In fact, when the government built the transcontinentals, they were politically corrupt and often—especially in the case of the Union Pacific and the Northern Pacific—went broke. One cause of the failure: Track was laid ahead of settlements. Mr. Obama wants to do something similar with high-speed rail. The Great Northern Railroad, privately built by Canadian immigrant James J. Hill, was the only transcontinental to be consistently profitable. It was also the only transcontinental to receive no federal aid. In railroads, then, infrastructure not only followed the major capital investment, it was done better privately than by government.

Airplanes became a major industry and started carrying passengers by the early 1920s. Juan Trippe, the head of Pan American World Airways, began flying passengers overseas by the mid-1930s. During that period, nearly all airports were privately funded, beginning with the Huffman Prairie Flying Field, created by the Wright Brothers in Dayton, Ohio, in 1910. St. Louis and Tucson had privately built airports by 1919. Public airports did not appear in large numbers until military airfields were converted after World War II.
No matter where you look, similar stories come up. America's 19th-century canal-building mania is now largely forgotten, but it is the granddaddy of misguided infrastructure-spending tales. Steamboats, first perfected by Robert Fulton in 1807, chugged along on all major rivers before states began using funds to build canals and harbors. Congress tried to get the federal government involved by passing a massive canal and road-building bill in 1817, but President James Madison vetoed it. New York responded by building the Erie Canal—a relatively rare success story. Most state-supported canals lost money, and Pennsylvania in 1857 and Ohio in 1861 finally sold their canal systems to private owners.
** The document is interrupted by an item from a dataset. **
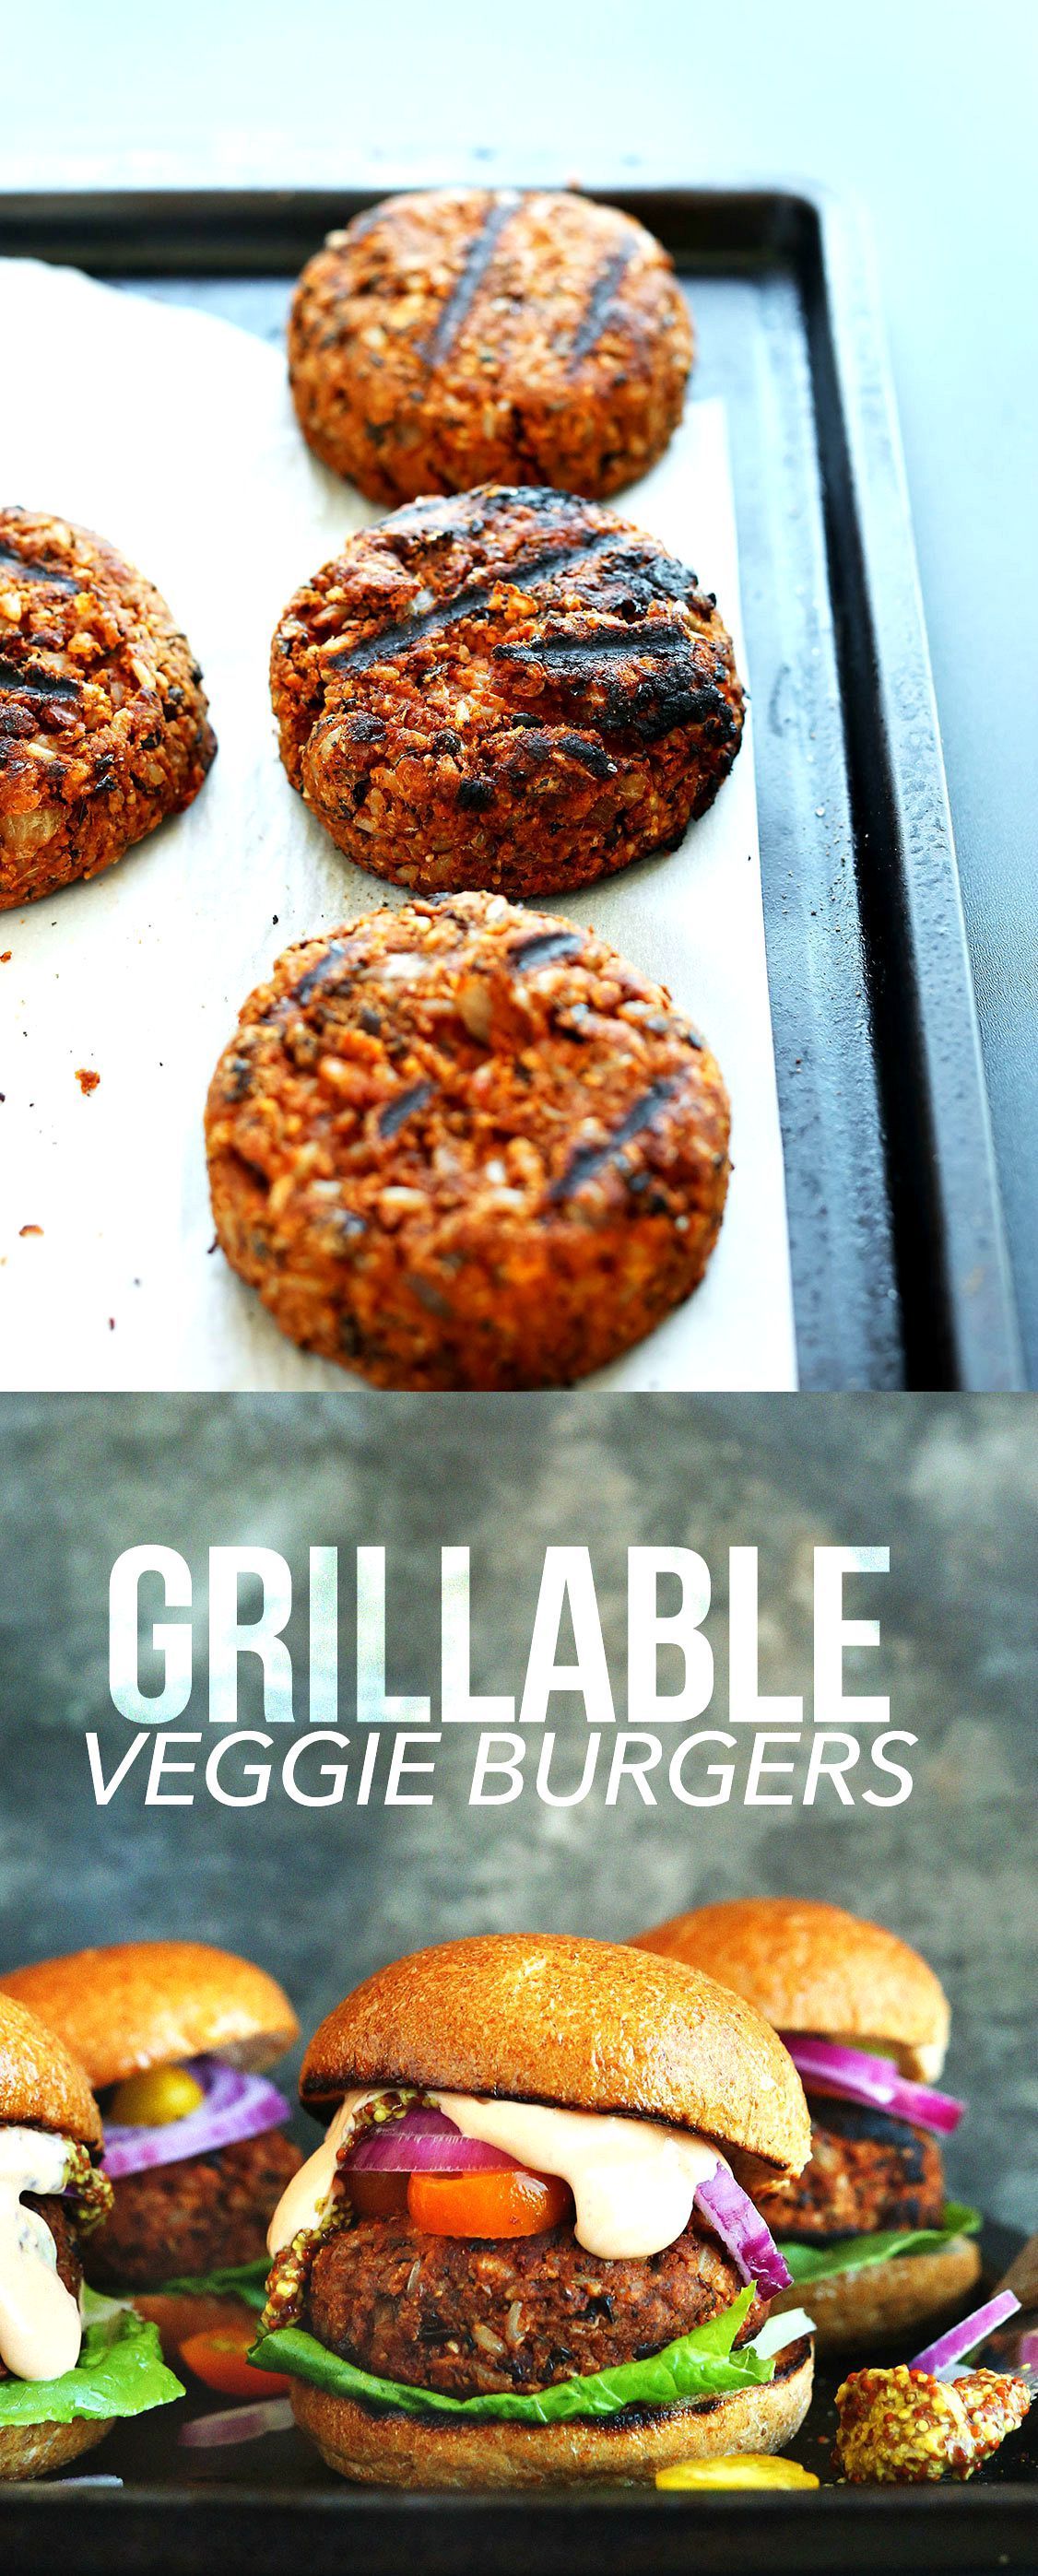 AMAZING Grillable Veggie Burgers with fluffy brown rice, black beans, walnuts and spices

In Ohio, when the canals were privatized, one newspaper editor wrote: "Everyone who observes must have learned that private enterprise will execute a work with profit, when a government would sink dollars by the thousand."

In all of these examples, building infrastructure was never the engine of growth, but rather a lagging indicator of growth that had already occurred in the private sector. And when the infrastructure was built, it was often best done privately, at least until the market grew so large as to demand a wider public role, as with the need for an interstate-highway system in the mid 1950s.

There is a lesson here for President Obama: Government "investment" in infrastructure is often wasteful and tends to support decaying or stagnant technologies. Let the entrepreneurs decide what infrastructure the country needs, and most of the time they will build it themselves.

Mr. Schweikart, a history professor at the University of Dayton, is the co-author, with Dave Dougherty, of "A Patriot's History of the Modern World" (Sentinel, 2012). Mr. Folsom, a history professor at Hillsdale College, is the co-author, with his wife, Anita, of "FDR Goes to War" (Threshold, 2011).